Exercise description. Skip any image you find and restate the rest of the data word for word.

Information supplied.
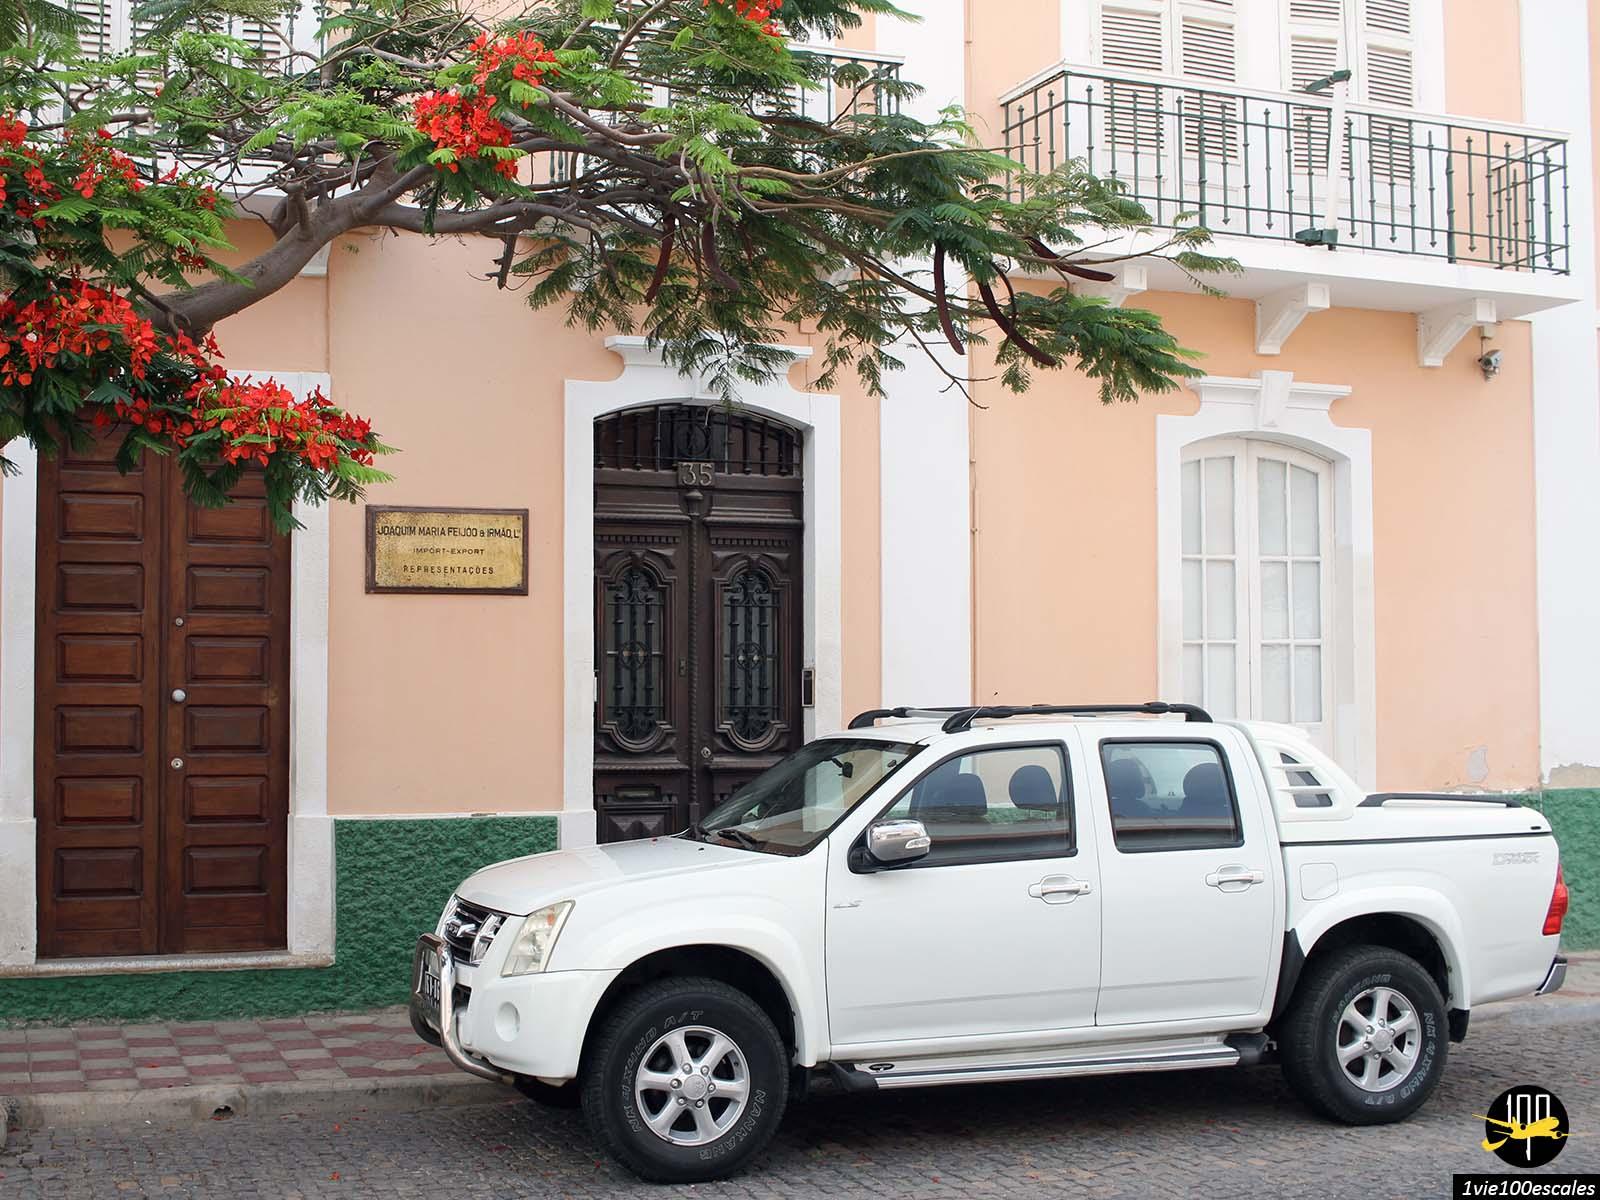 Les beaux arbres fleuris dans les rues de Mindelo sur l'île de Sao Vicente
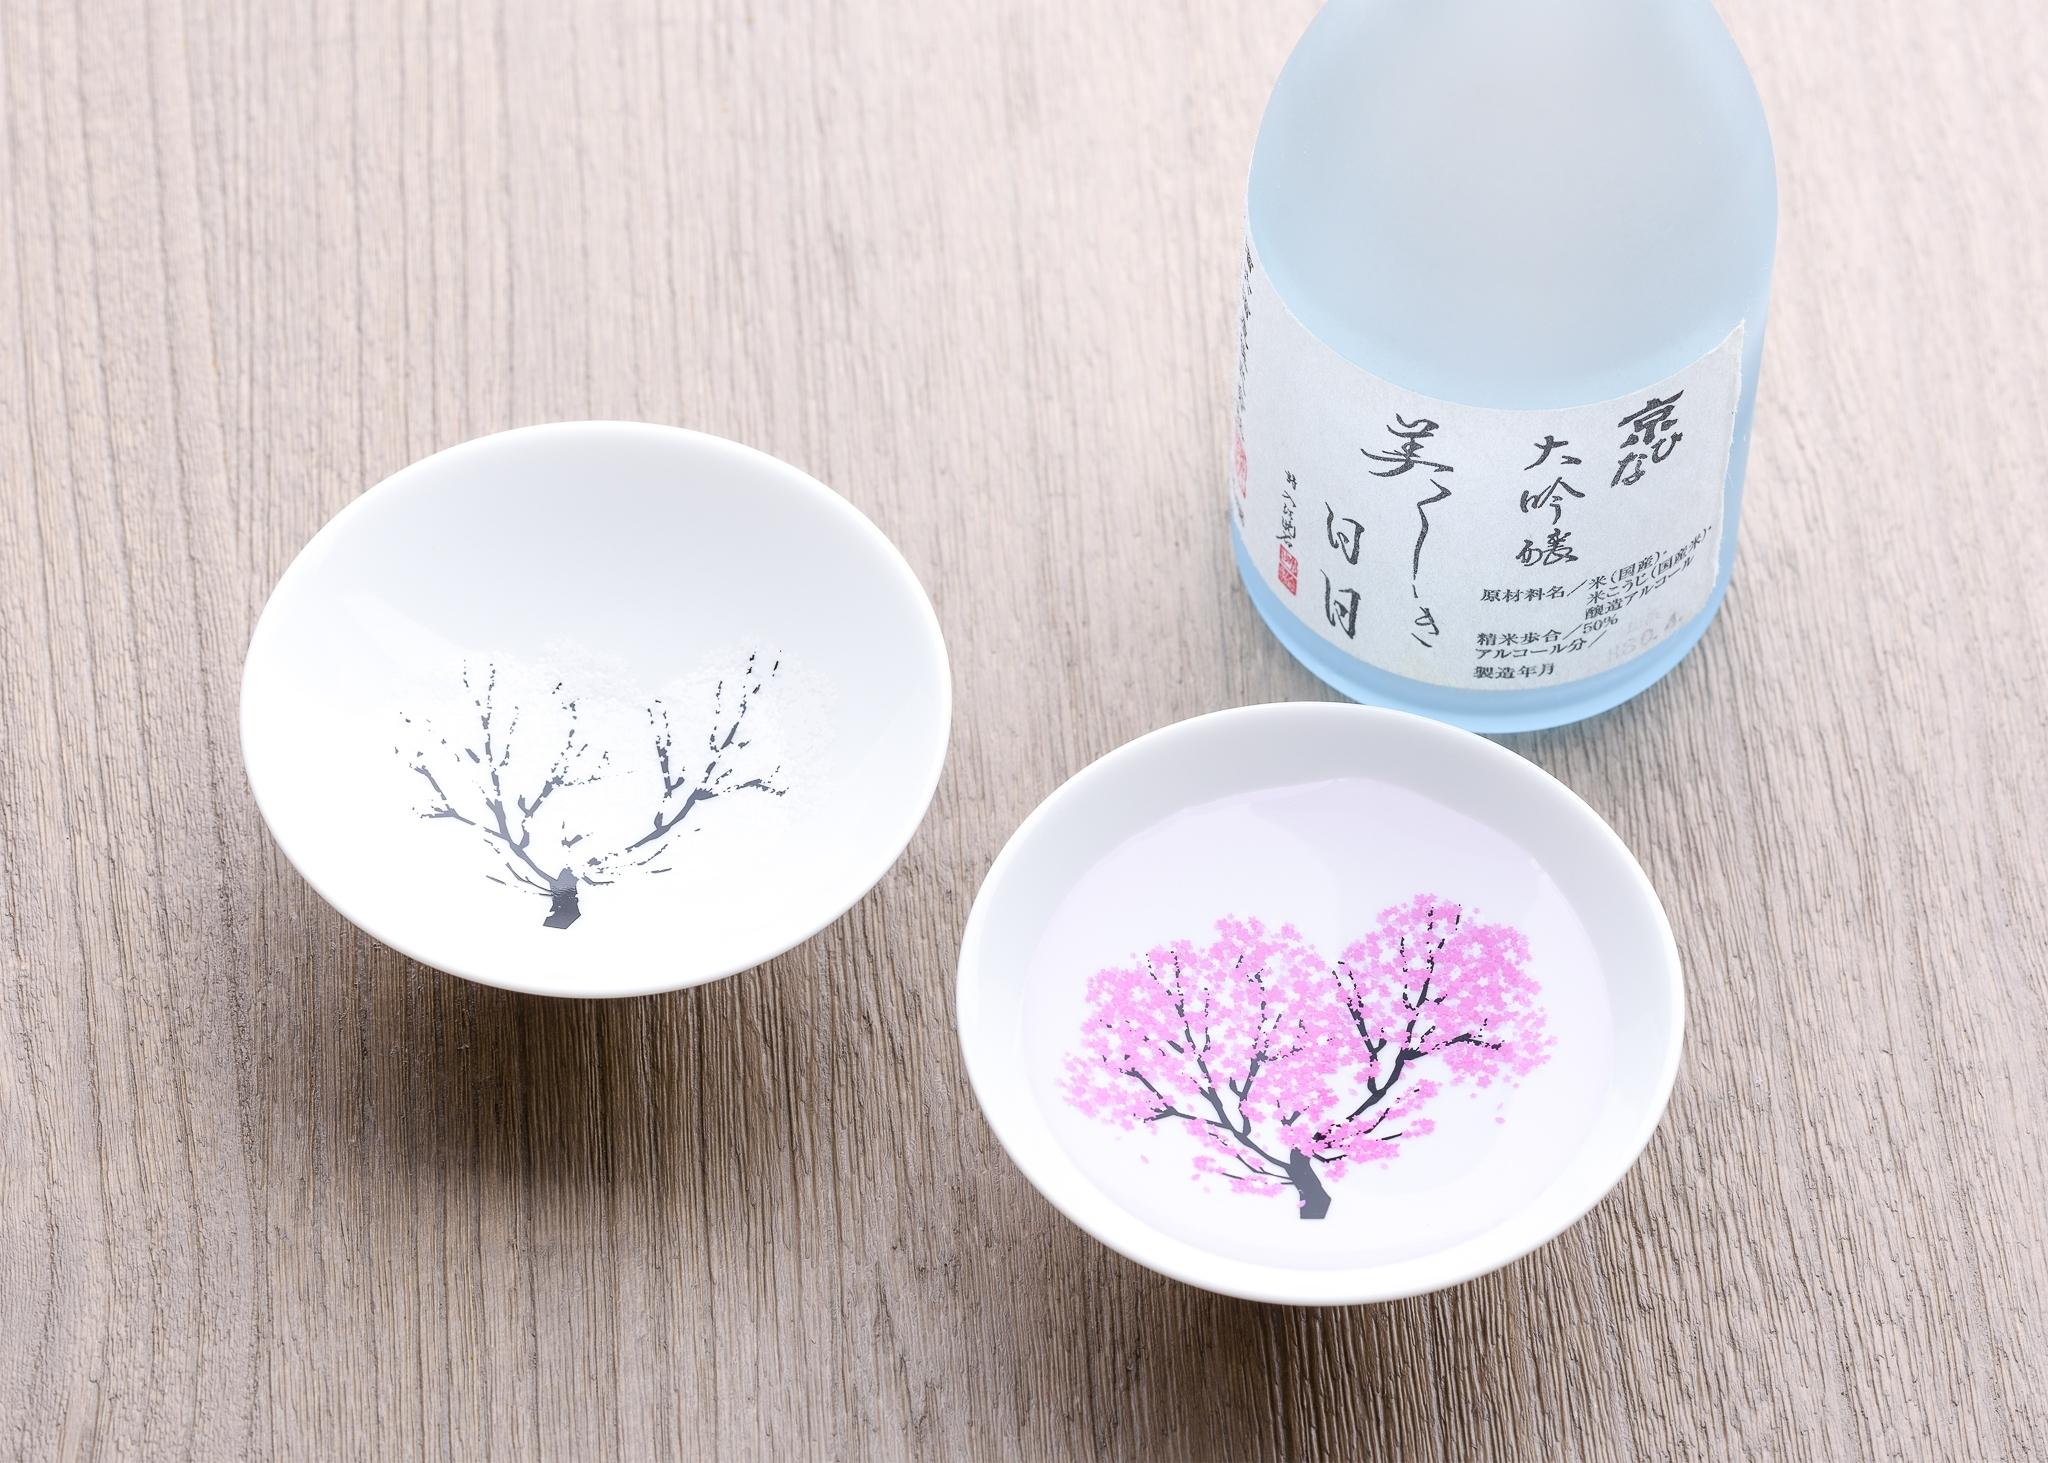 日本 高木陶器 櫻滿開冷感白平杯組 (一組2入)
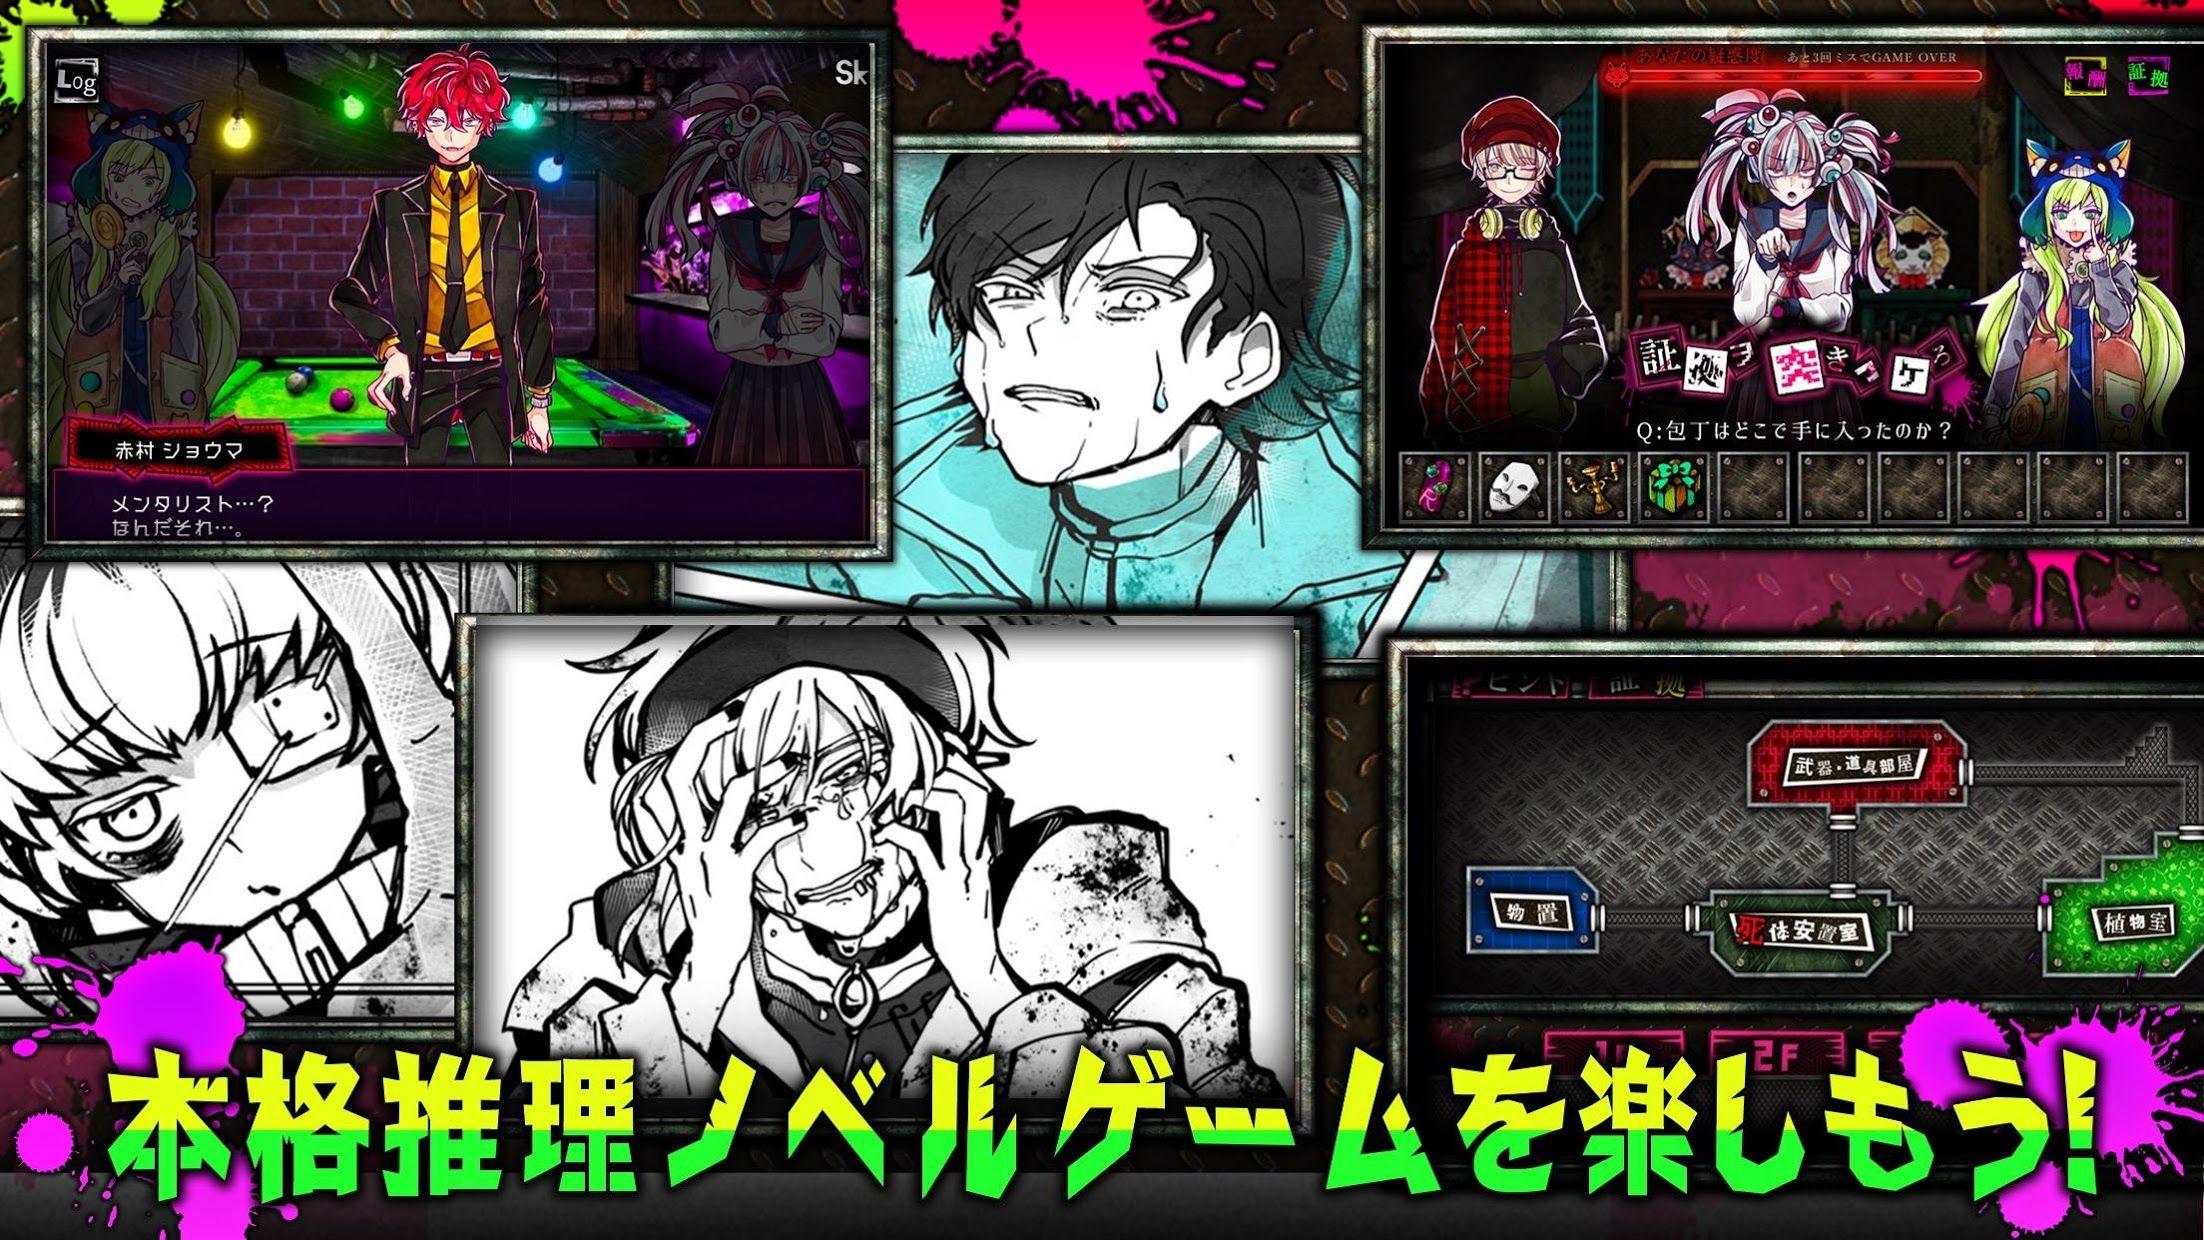 恶狼游戏 〜Another〜(日服) 游戏截图1

Exercise result.
 Les beaux arbres fleuris dans les rues de Mindelo sur l'île de Sao Vicente
 日本 高木陶器 櫻滿開冷感白平杯組 (一組2入)
 恶狼游戏 〜Another〜(日服) 游戏截图1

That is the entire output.